Aries Capital Creates Asset Management Division for Distressed Condos
Chicago--On the heels of concluding a $3.2 million deal through Aries Capital Real Estate Fund (AREF) that oversaw the completion and sale of all units within the Atwood Condominiums of Chicago, Aries Capital has launched a new division of the firm, Aries Asset Management Services. The move, according to the company, is timed to take advantage of the current state of the condo market in Chicago and elsewhere.
Chicago–On the heels of concluding a $3.2 million deal through Aries Capital Real Estate Fund (AREF) that oversaw the completion and sale of all units within the Atwood Condominiums of Chicago, Aries Capital has launched a new division of the firm, Aries Asset Management Services. The move, according to the company, is timed to take advantage of the current state of the condo market in Chicago and elsewhere.
“Nearly 300 banks have closed in the past two years,” Neil Freeman, chairman and CEO of Chicago-based Aries Capital, tells MHN. “Institutions are re-valuing their assets lower and don’t have the expertise to work the assets to create value. As a result, this is the best time in several decades to be in asset management business.”
The Atwood Condominiums is a 12-unit property in the Andersonville neighborhood on the North Side of Chicago. Led by Andrew R. Wilson, vice president of Aries Capital, the Atwood project began in November 2009, when the firm accepted a deed-in-lieu of foreclosure on the vacant property.
According to Freeman, he and Wilson recognized the challenges the lender faced as an opportunity for AREF to provide project management and additional capital for completion of the development. As project manager, AREF negotiated new financing to complete the condo development, re-permitted and re-drew the project, and secured the necessary approvals from the City of Chicago and the local alderman. AREF then secured the site and hired an outsourced construction and marketing team to complete it.
“The lender held a $1.8 million note on the unfinished property and required additional funding to complete the renovation, a headache for a financial services company,” notes Wilson. “Still, the development was successfully completed, amenities were upgraded from the original plans, and the lender was paid in full, including accrued interest.

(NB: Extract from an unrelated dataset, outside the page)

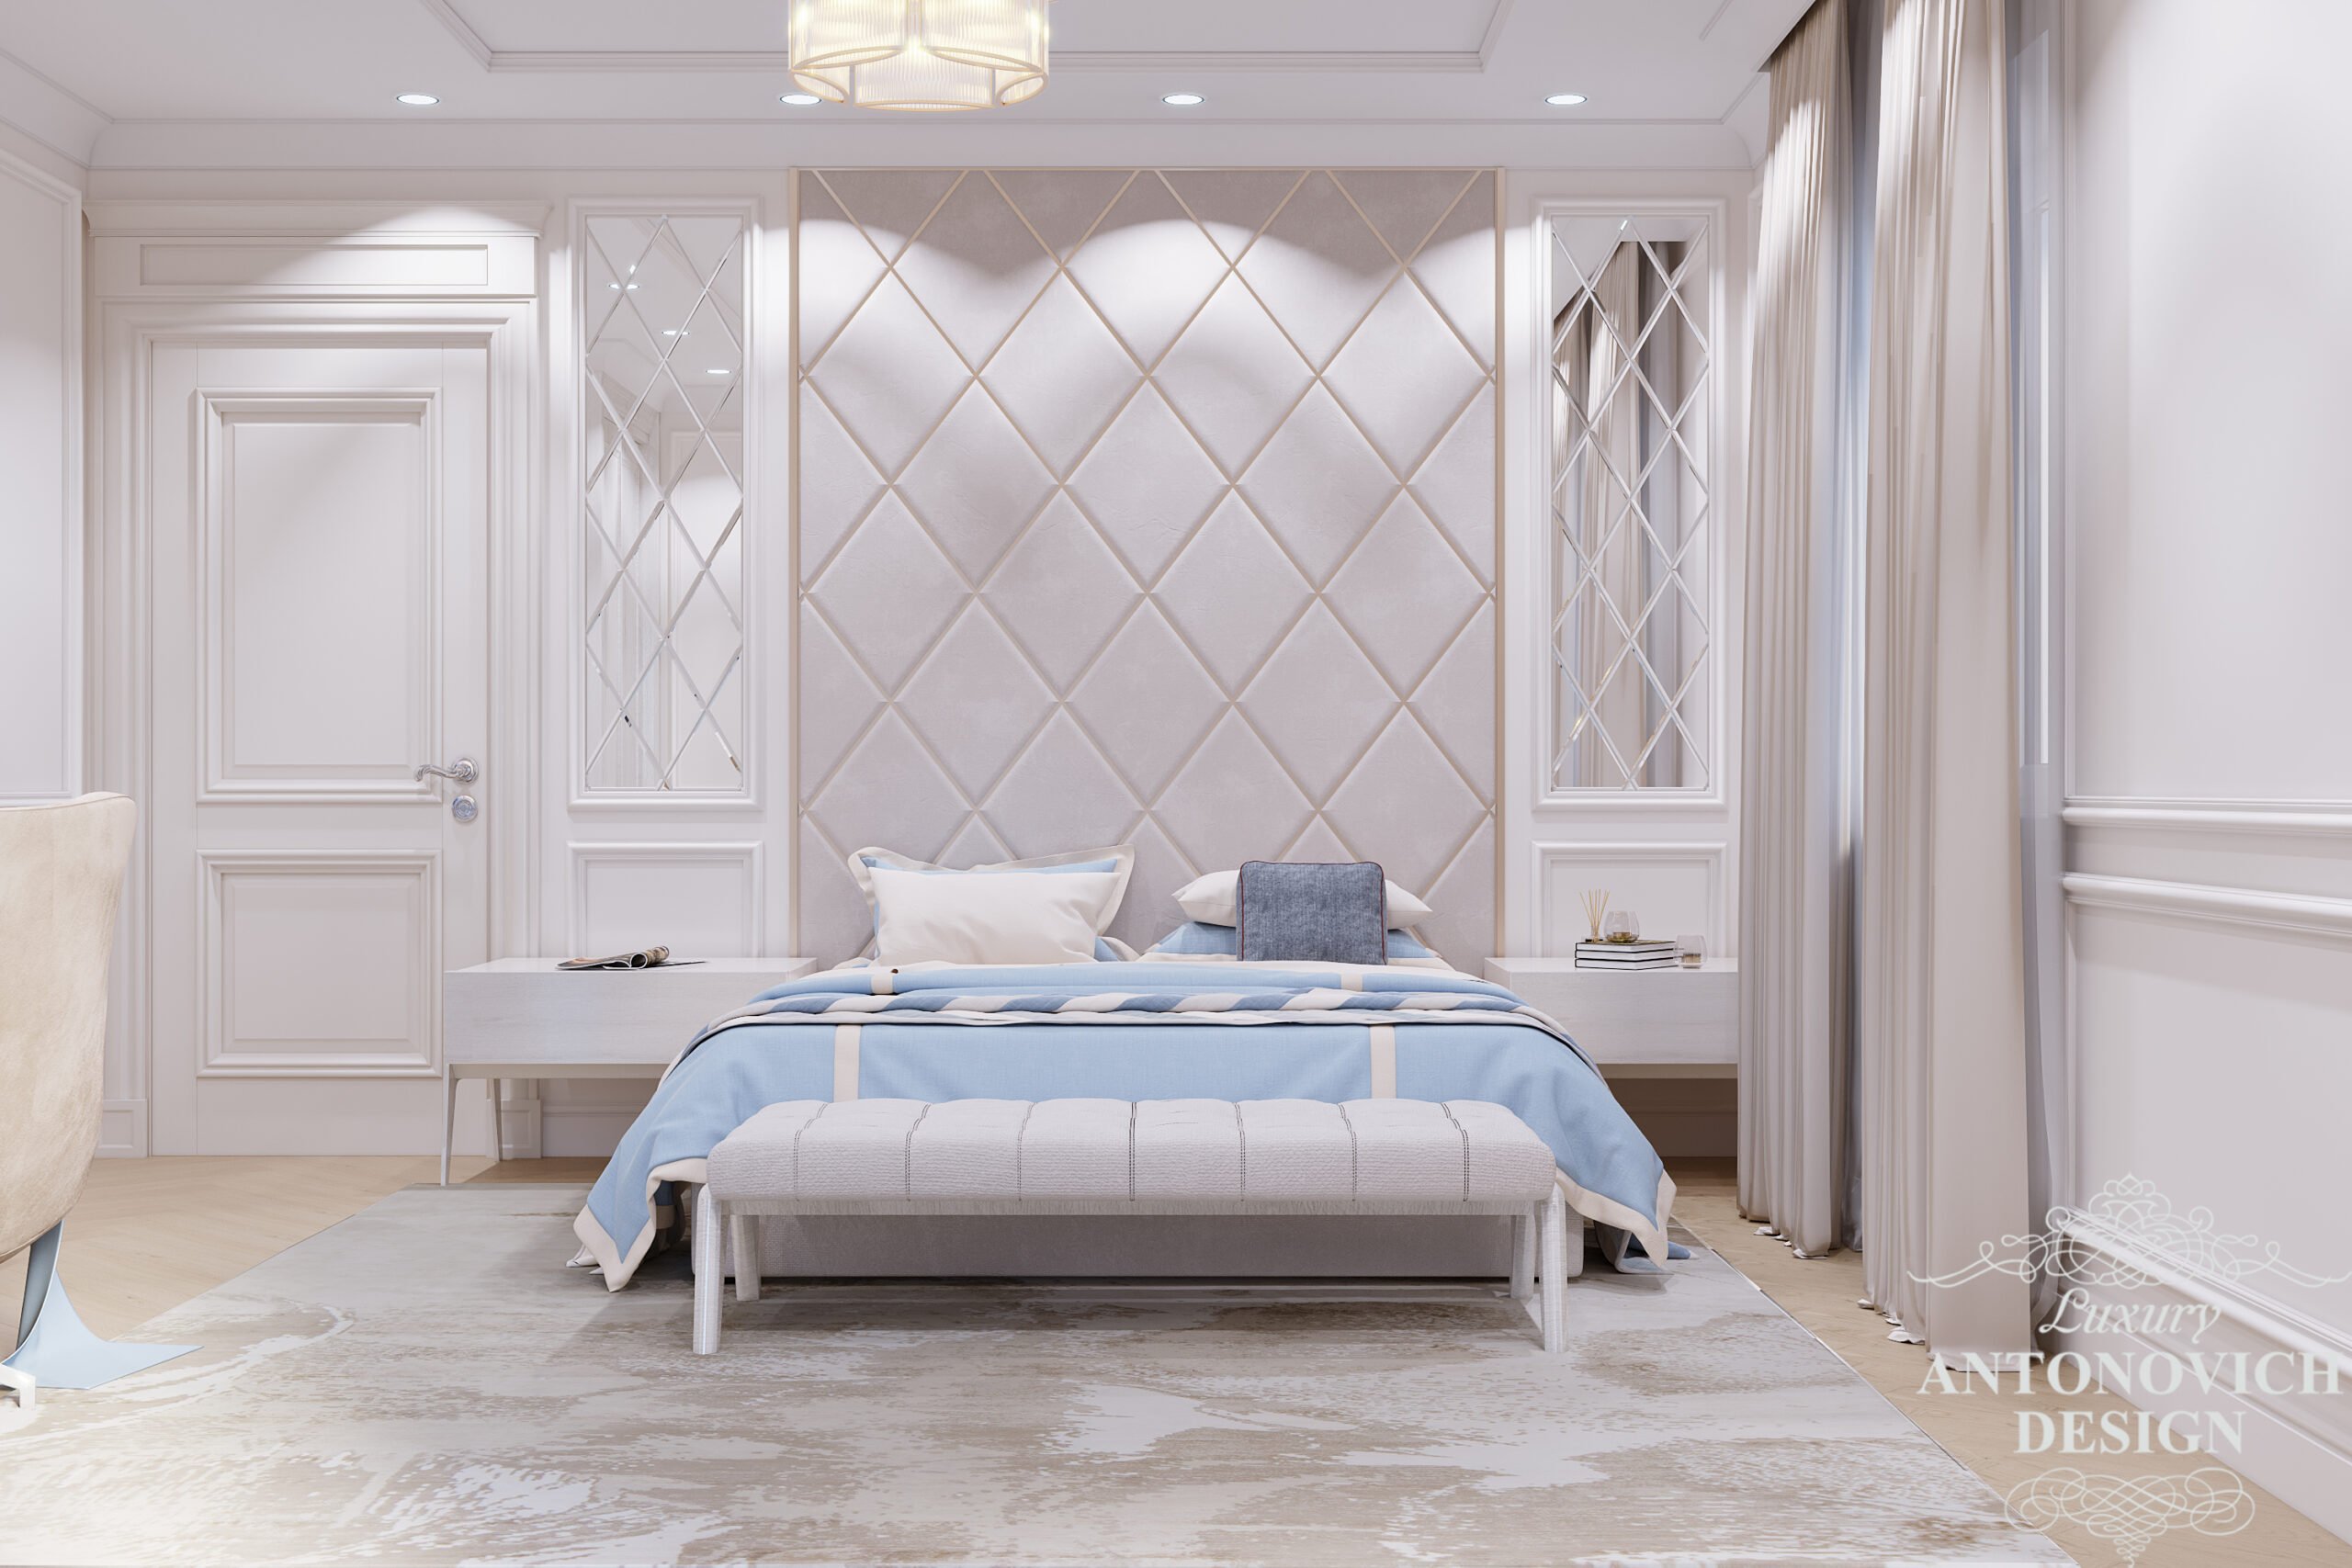 Мягкая стеновая панель с геометрическими вставками и зеркалами в авторском проекте спальни в частном доме
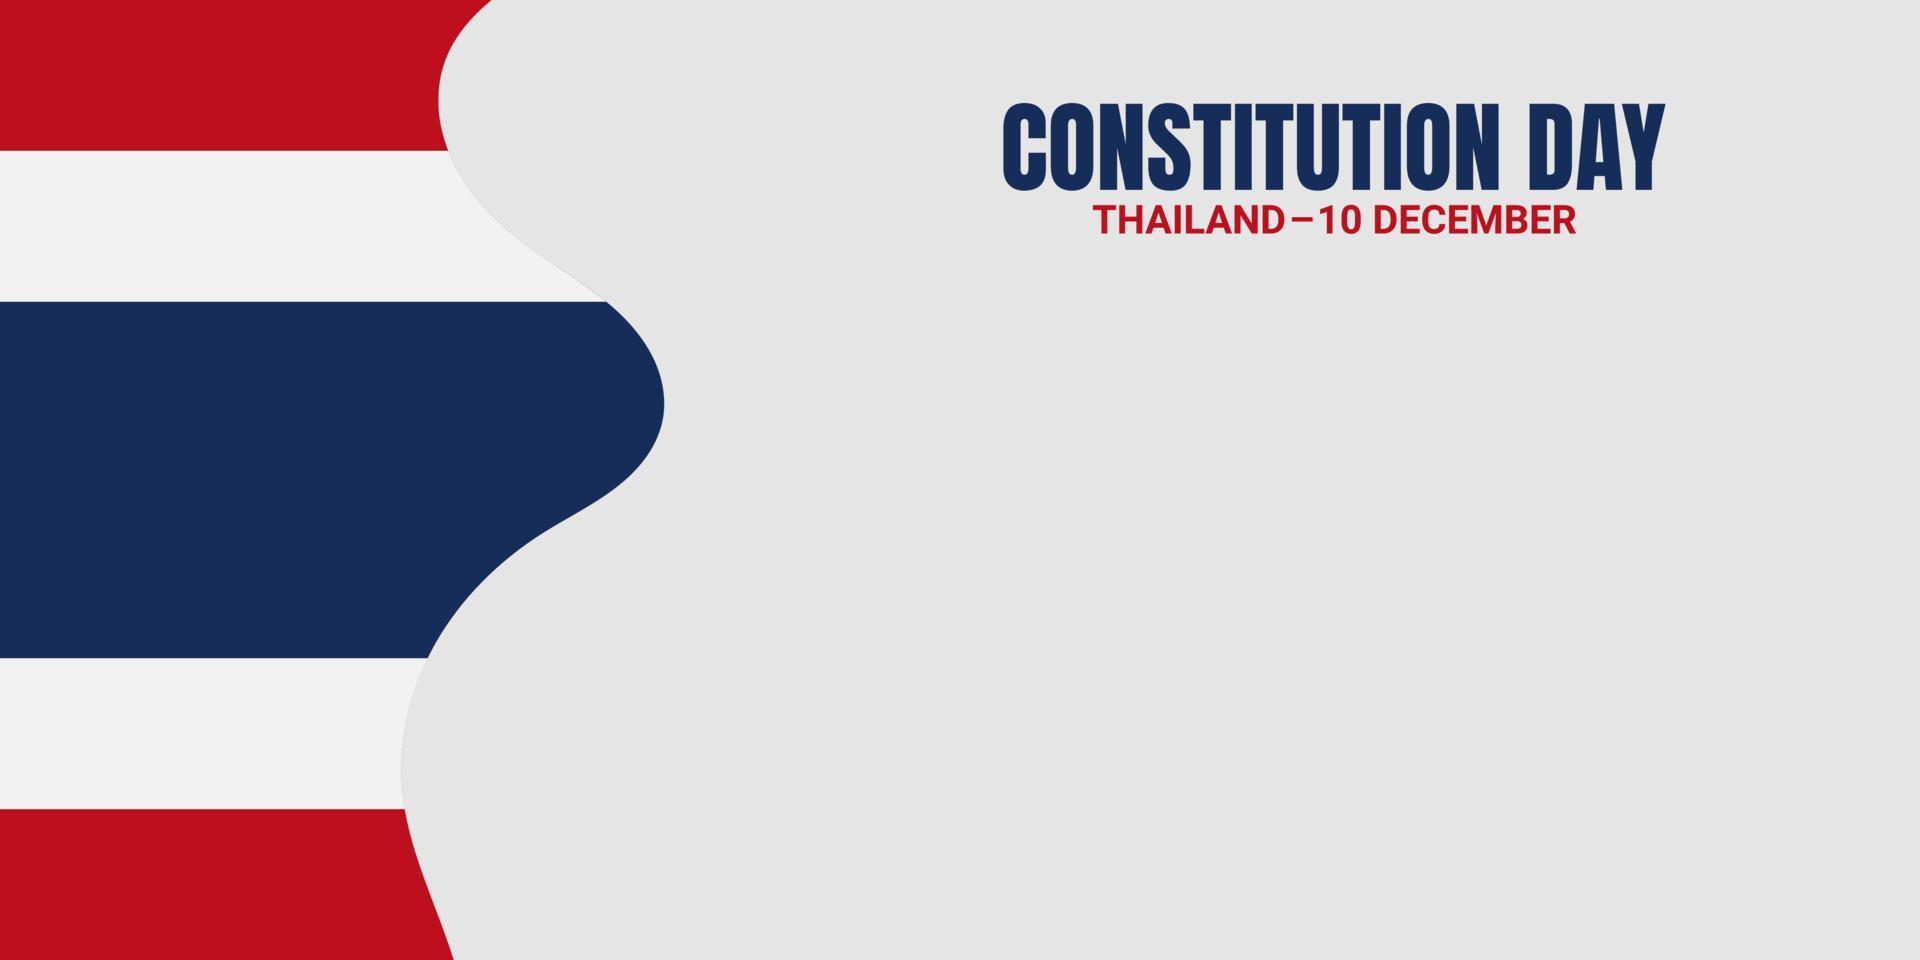 thailand grondwet dag achtergrond vectorillustratie, en kopieer ruimte. geschikt om op inhoud met dat thema te worden geplaatst. vlag van thailand vector

We also managed to secure FHA financing to enable buyers to purchase units for only 3.5 percent down.”
The new Aries Asset Management Services will likewise offer distressed property services to qualified lenders and borrowers, says Wilson. The firm will address a niche created by widespread defaults in the commercial real estate lending market, as was the case with the Atwood Condominiums.
Many lenders are now landlords by default, Wilson explains. The Atwood Condominiums project, though successful, represented an unconventional arrangement for AREF, which typically provides mezzanine loans on commercial real estate, not distressed properties. For the new division, however, such an arrangement will not be unconventional, but rather its bread and better.